ILIA Beauty, a leading clean beauty brand with a loyal following, is known for giving customers engaging and personalized online shopping experiences. Going headless helped them differentiate their brand further by increasing the capacity for creating the features that set their brand apart.
After launching a Nacelle-powered headless PWA, ILIA saw boosts to traditional eCommerce benchmarks to the tune of a 48% decrease in mobile load times and a 46% decrease in desktop load times. But improved developer workflow and velocity were even more impactful with a 20% increase in developer deployments.
Frontend Engineer Mackenzie Patterson is heavily involved in building ILIA’s unique shopper experiences and most recently their standout “Find My Shade” tool, which allows shoppers to match makeup to their skin tone online. Prior to going headless, she engaged in workarounds to force the necessary level of customization on Shopify Plus. After the transition to headless, she was empowered to build exactly what ILIA needed using modern technology without the workarounds, which improved developer velocity and decreased the likelihood of bugs or errors.
The team stayed on Shopify Plus and incorporated Contentful, a headless CMS that enables non-technical teams to edit and maintain Find My Shade along with the rest of the website.
Find My Shade is just one example of engineering ingenuity at ILIA. For our latest Q&A, we caught up with Patterson to talk about ILIA’s success with headless commerce from the developer perspective.
Can you describe some of the challenges you had with developer workflows and velocity prior to ILIA beauty going headless?

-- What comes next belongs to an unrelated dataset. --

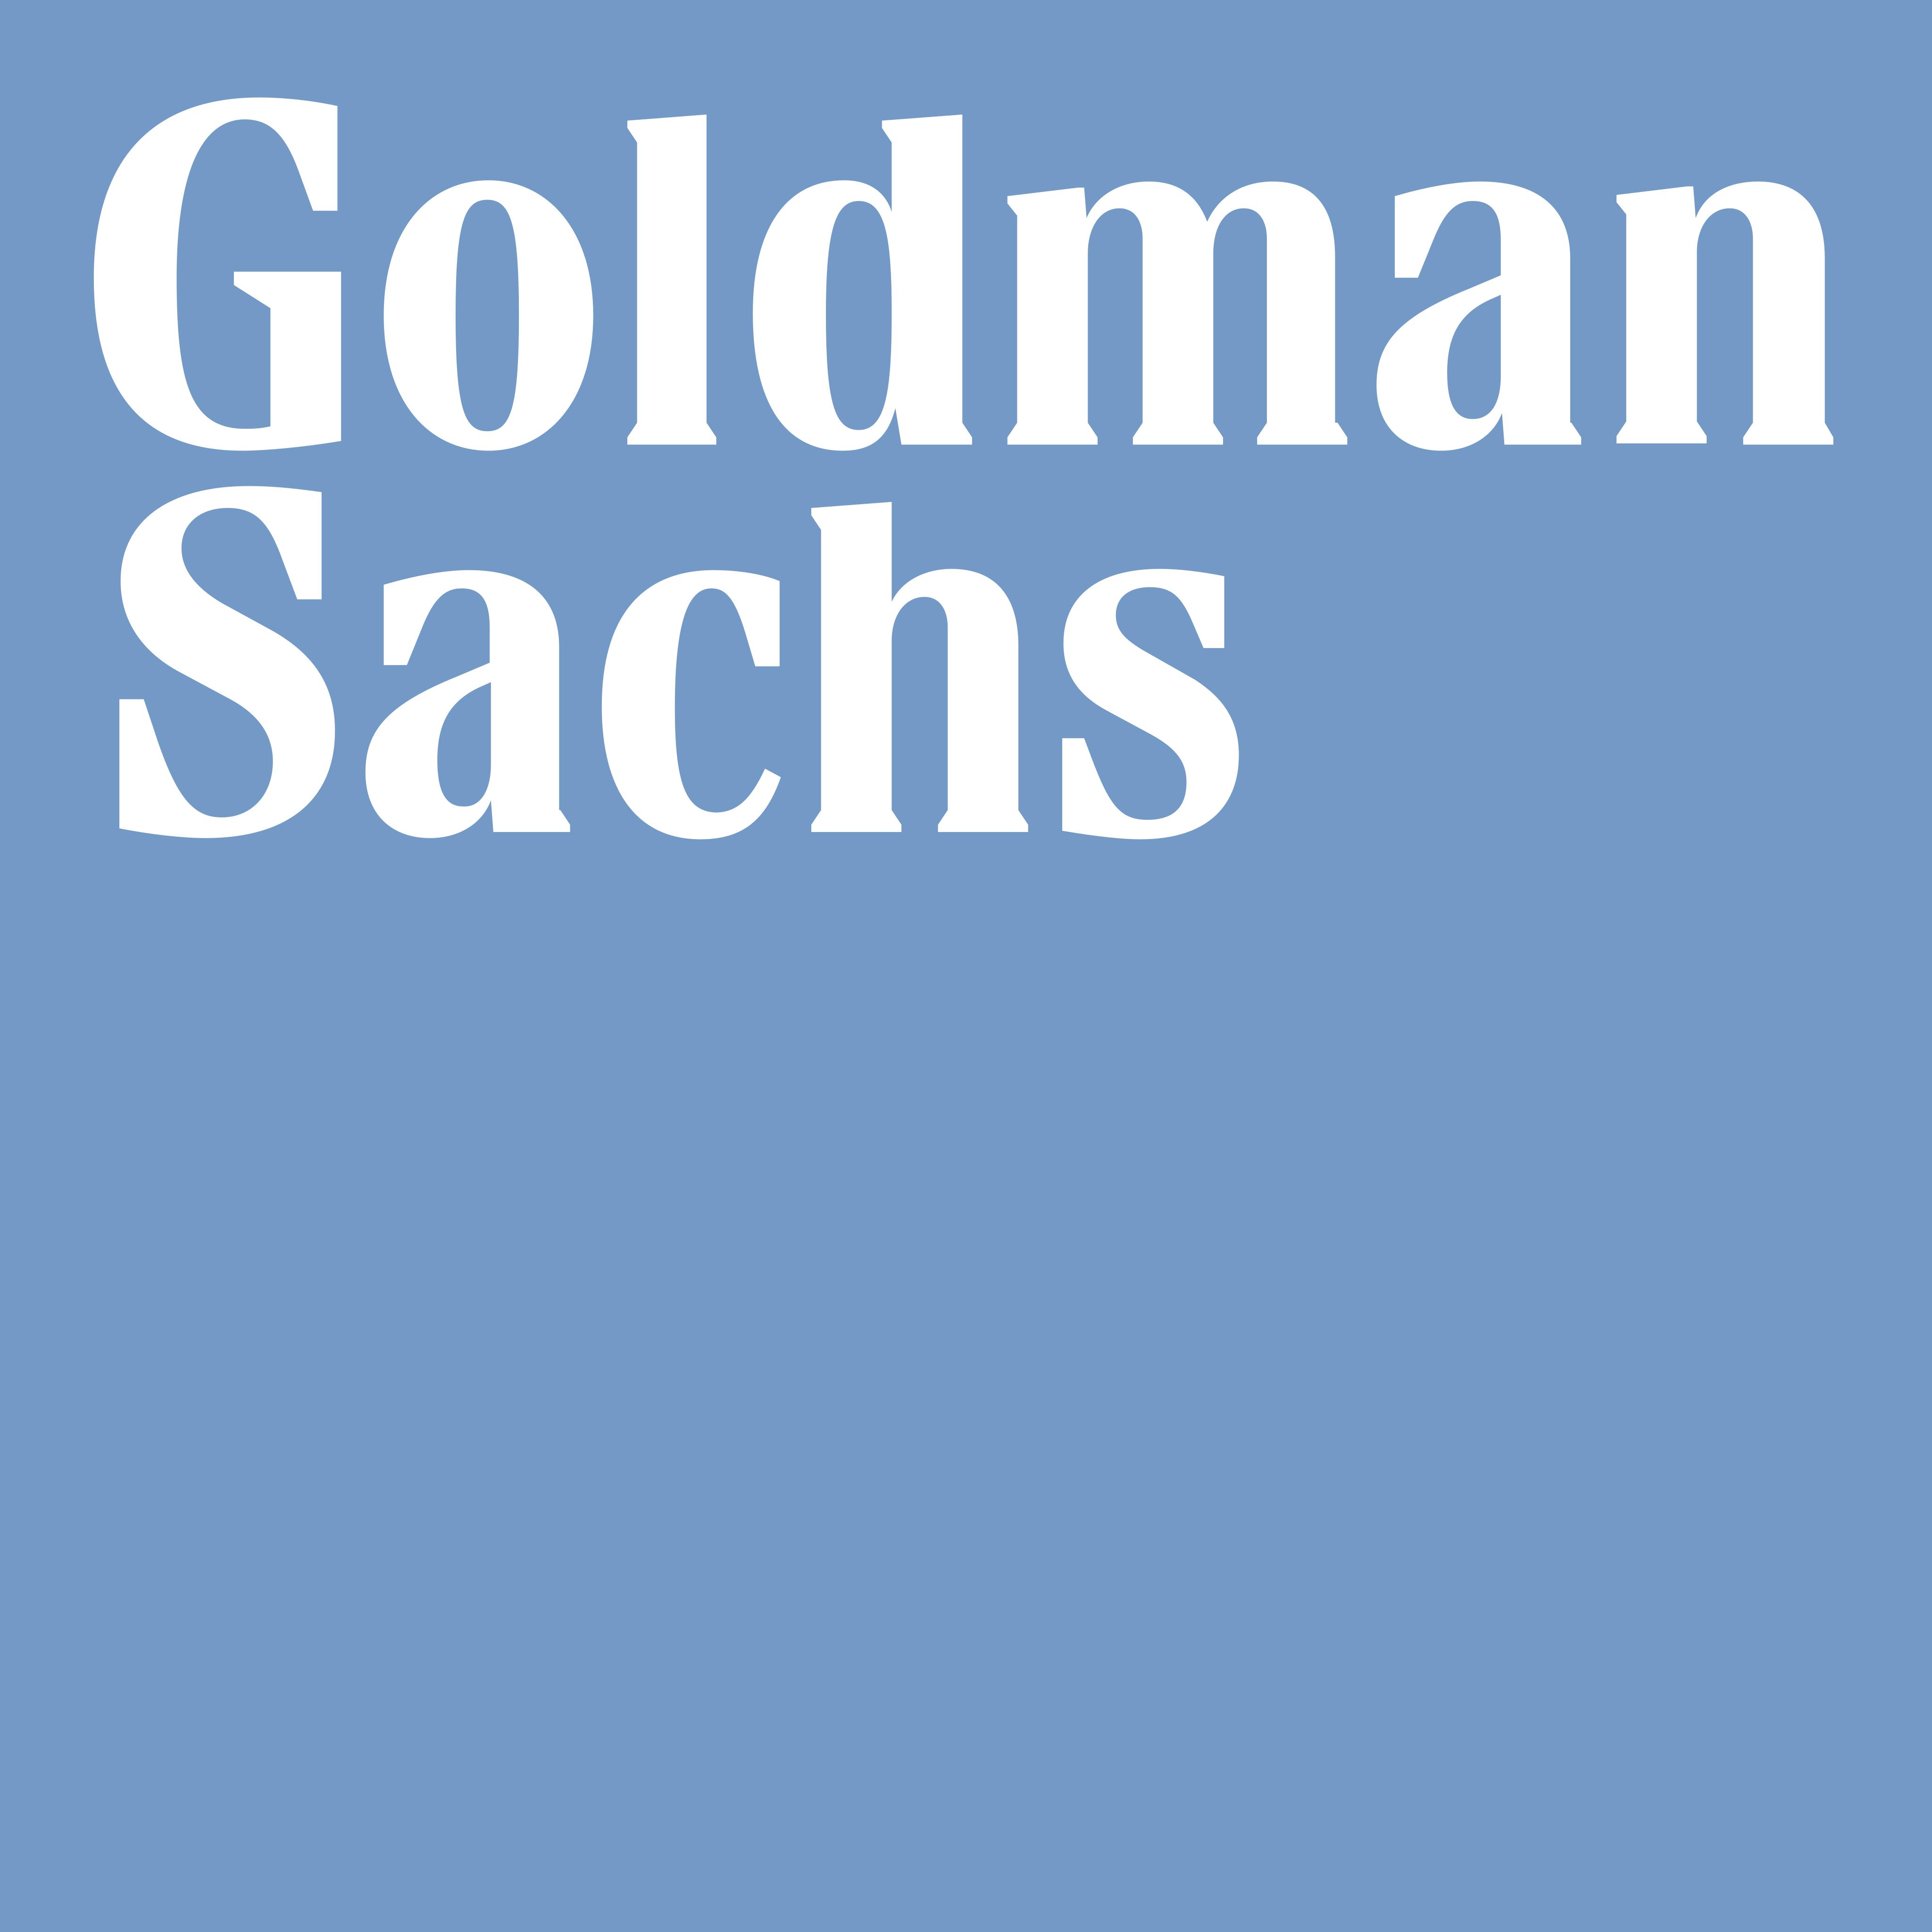 goldman sachs logo - Goldman Sachs Logo

Mackenzie Patterson: The developer workflows I’ve used in the past for native Shopify Plus projects have been a little strange because until recently, Shopify didn’t integrate with Github. This meant that deploying code was a very manual process, with the potential to overwrite changes made by other team members. Prior to implementing Nacelle’s headless solution, this was our workflow:
Duplicate the production theme in Shopify Plus
Development work would happen on that duplicate theme
Review with stakeholders on that duplicate theme
After the review was complete, merge the feature into our main branch in Github, duplicate the production theme again, and deploy the main branch to that fresh “staging” theme. This step was necessary in order to sync up with the most recent Shopify Plus content.
This workflow resulted in several potential issues related to keeping code and content in sync. For example, if someone made content changes to the production theme during the “staging” process, we would need to start over with a freshly duplicated theme again.
Also, if a content author duplicated the production theme in order to queue up content changes in advance for an upcoming campaign (such as Black Friday/Cyber Monday) and code changes were released after they made their duplicate theme, publishing that staged content theme would result in recent code changes being wiped from production.
As a developer, what kinds of characteristics were you looking for in a headless commerce platform?
MP: This was my first large headless project, but I wanted to utilize a platform that would abstract some of the details involved in headless Shopify Plus architecture.
Because Nacelle handles indexing the product and content data, I was free to focus my attention on the frontend build, rather than messing around with webhooks and serverless sync functions.
It was also important to me to have access to resources with enterprise headless experience in order to be confident that I understood the patterns and that I was following best practices in my own code. I learned a lot from Nacelle’s engineering team!
Was there anything about the implementation process that other developers considering headless should know?
MP: Integrating third-party Shopify Plus apps will be rough. Very few Shopify apps make API-based implementations a priority—if they offer them at all—and the apps that do provide a headless-friendly option often don’t offer full feature parity with their Liquid-based implementations. Getting help can also be tricky because most support teams assume you’re using Shopify themes.
Now that your headless store is deployed, can you describe how it’s impacted your day-to-day work, especially workflows and velocity?
MP: Spinning up my local environment is much faster and being able to use hot-module-reloading is awesome. Also, the ability to fully leverage a MVC framework like Vue is amazing. Without it, using Vue or React in native Shopify Plus builds is possible, but features like static site generation (SSG) and server-side rendering (SSR) are not available. Git deployments with Vercel are super convenient too.
From the technical point of view, why do you think it’s important for brands to adopt a modern tech stack?
MP: Using a modern tech stack makes life a lot easier for developers and affords more opportunities for learning new techniques and patterns. Things like code organization, optimization, and unit testing are easier to manage in a modern stack. Developer velocity naturally improves given access to better tooling and workflows.
With this increased velocity, what projects/initiatives are you now able to work on more efficiently?
MP: Being able to supplement Shopify Plus with an external CMS has definitely made it easier to build content-heavy features like the ILIA Shade Finder. I actually did build a version of it in Liquid before we went headless, but getting all the required settings into a Shopify theme section was not ideal. Our new Contentful-based Shade Finder content model is much more intuitive for content authors to maintain.